Like the `polytool` function, the `aoctool` function has cross hairs that you can use to manipulate the `Weight` and watch the estimate and confidence bounds along the y-axis update. These values appear only when a single group is selected, not when ```All Groups``` is selected.

Multiple Comparisons

You can perform a multiple comparison test by using the `stats` output structure from `aoctool` as input to the `multcompare` function. The `multcompare` function can test either slopes, intercepts, or population marginal means (the predicted MPG of the mean weight for each group). The example in Analysis of Covariance Tool shows that the slopes are not all the same, but could it be that two are the same and only the other one is different?

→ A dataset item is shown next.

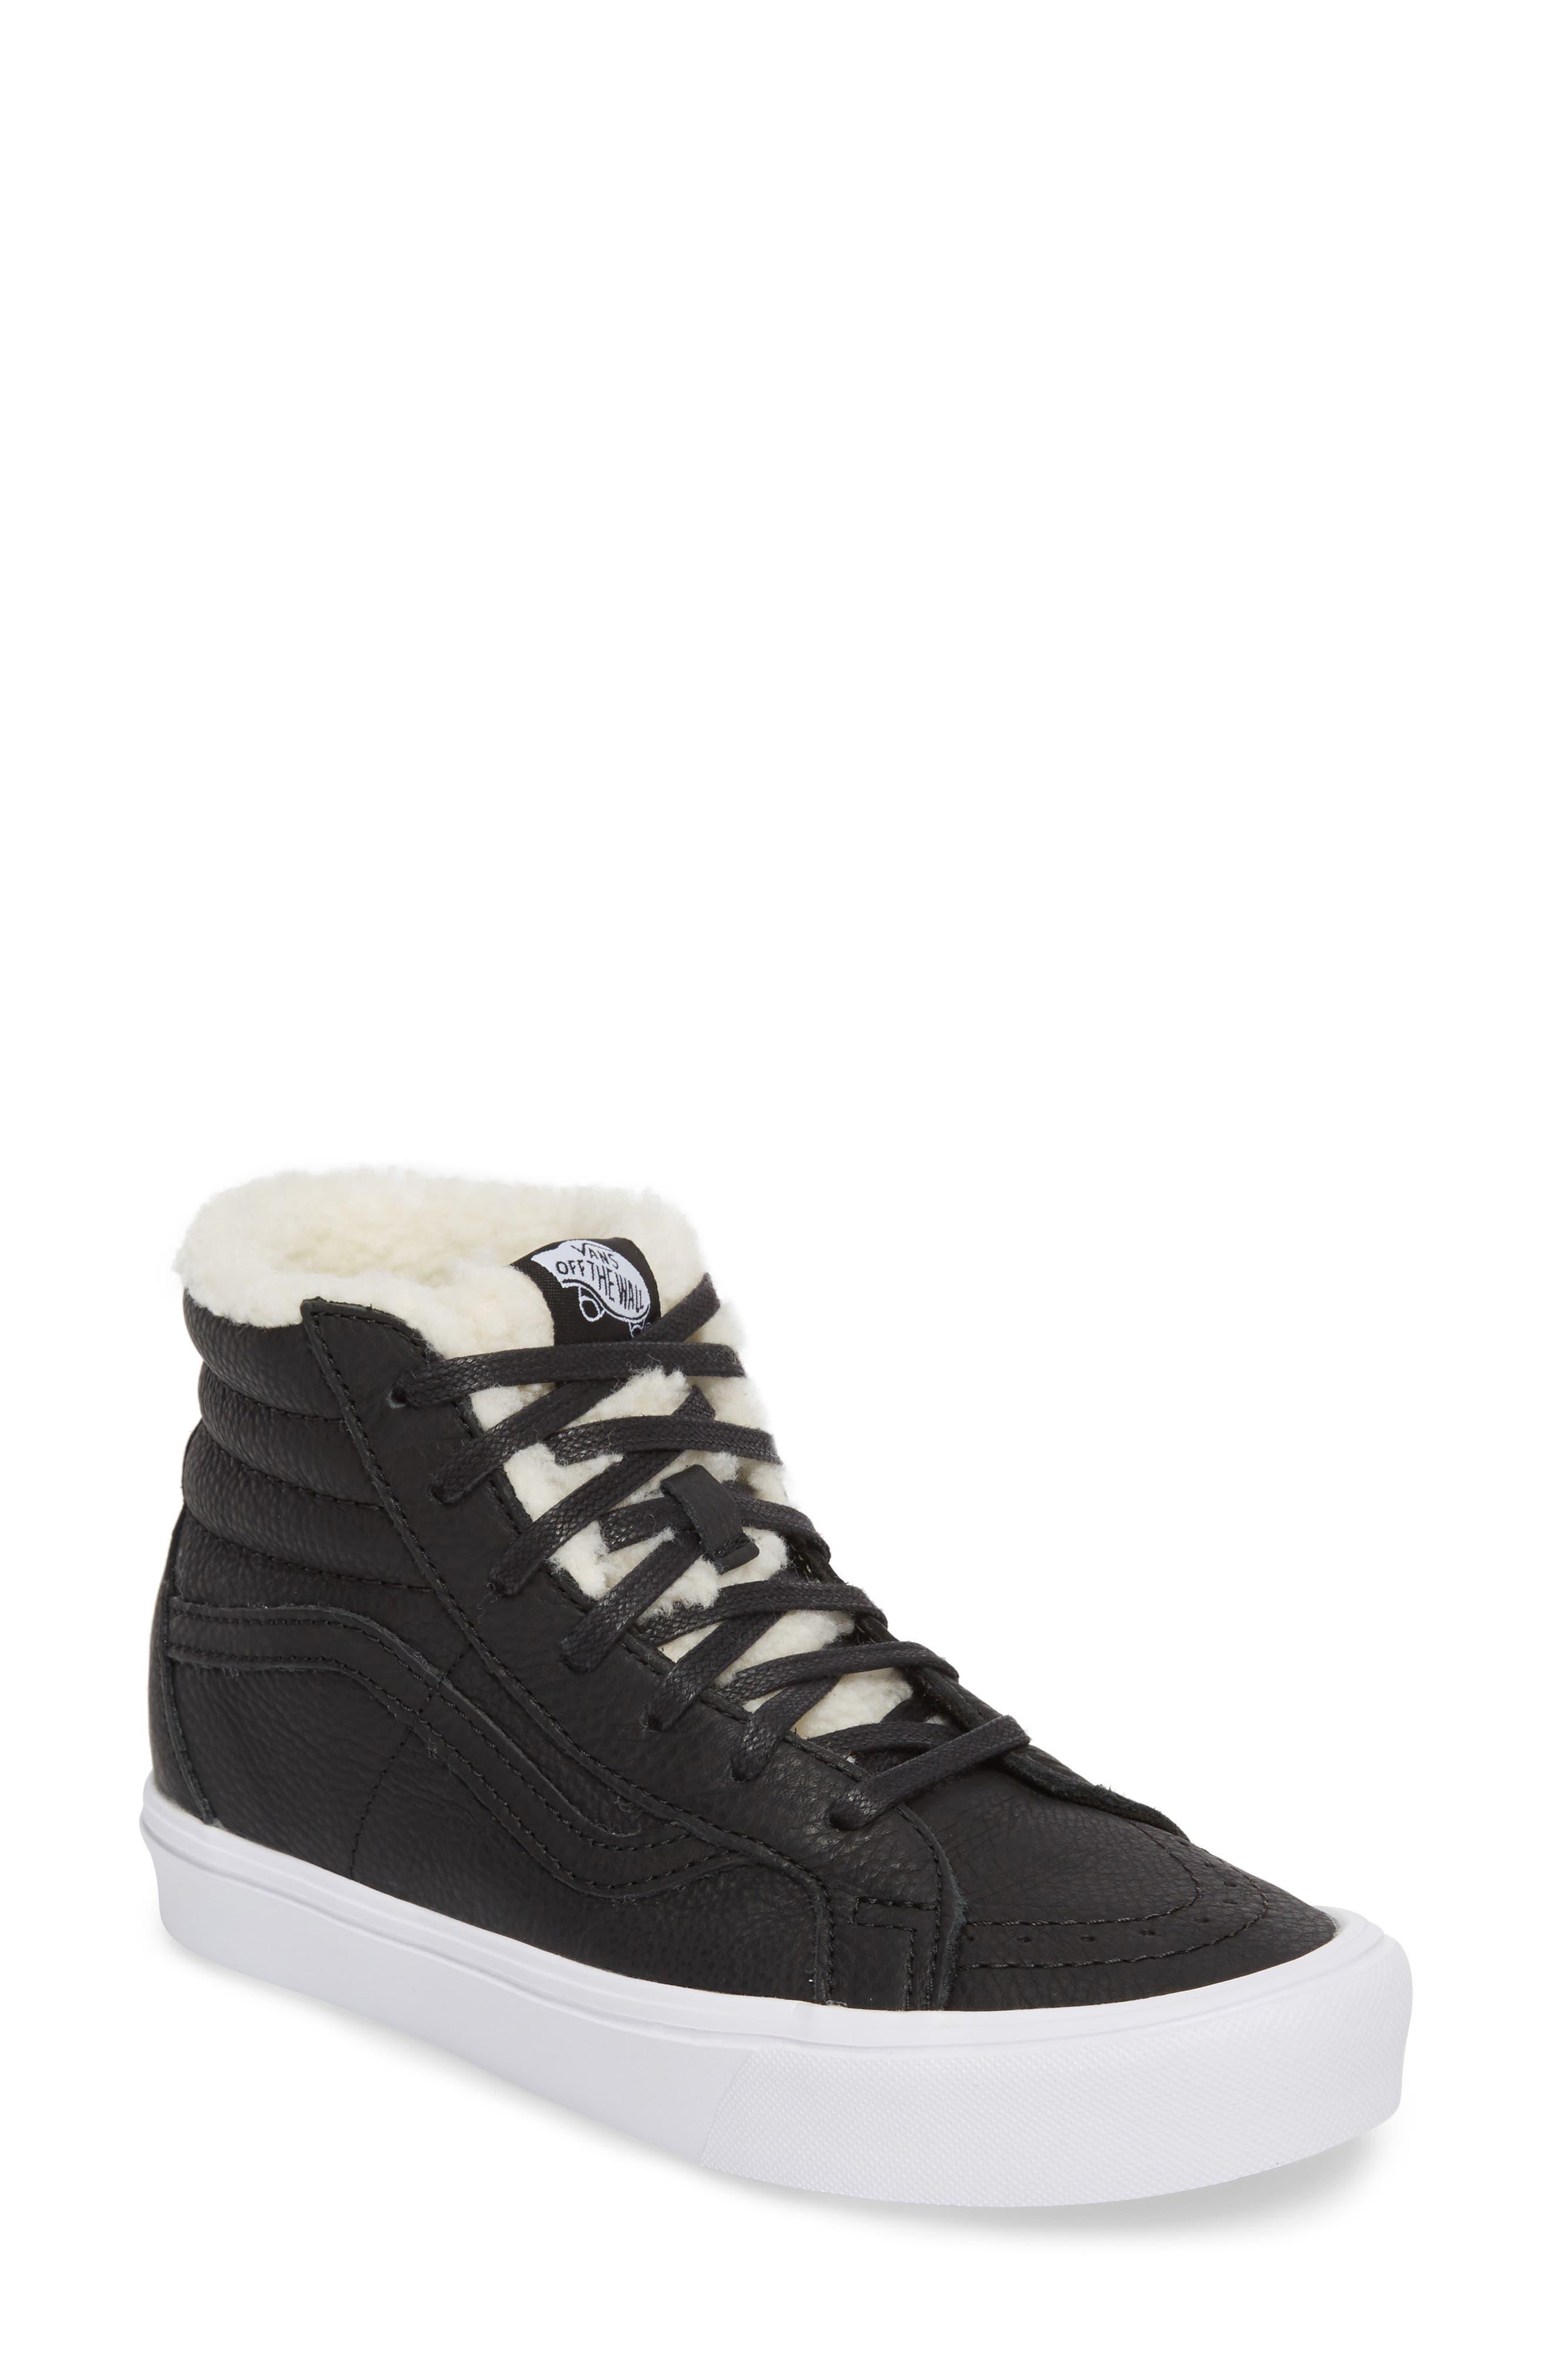 Sk8-Hi Reissue Lite High Top Sneaker,                             Main thumbnail 1, color,

You can test that hypothesis.

```multcompare(stats,0.05,'on','','s') ans = 1.0000 2.0000 -0.0012 0.0008 0.0029 1.0000 3.0000 0.0013 0.0051 0.0088 2.0000 3.0000 0.0005 0.0042 0.0079 ```

This matrix shows that the estimated difference between the intercepts of groups 1 and 2 (1970 and 1976) is 0.0008, and a confidence interval for the difference is [–0.0012, 0.0029]. There is no significant difference between the two. There are significant differences, however, between the intercept for 1982 and each of the other two. The graph shows the same information.

Note that the `stats` structure was created in the initial call to the `aoctool` function, so it is based on the initial model fit (typically a separate-lines model). If you change the model interactively and want to base your multiple comparisons on the new model, you need to run `aoctool` again to get another `stats` structure, this time specifying your new model as the initial model.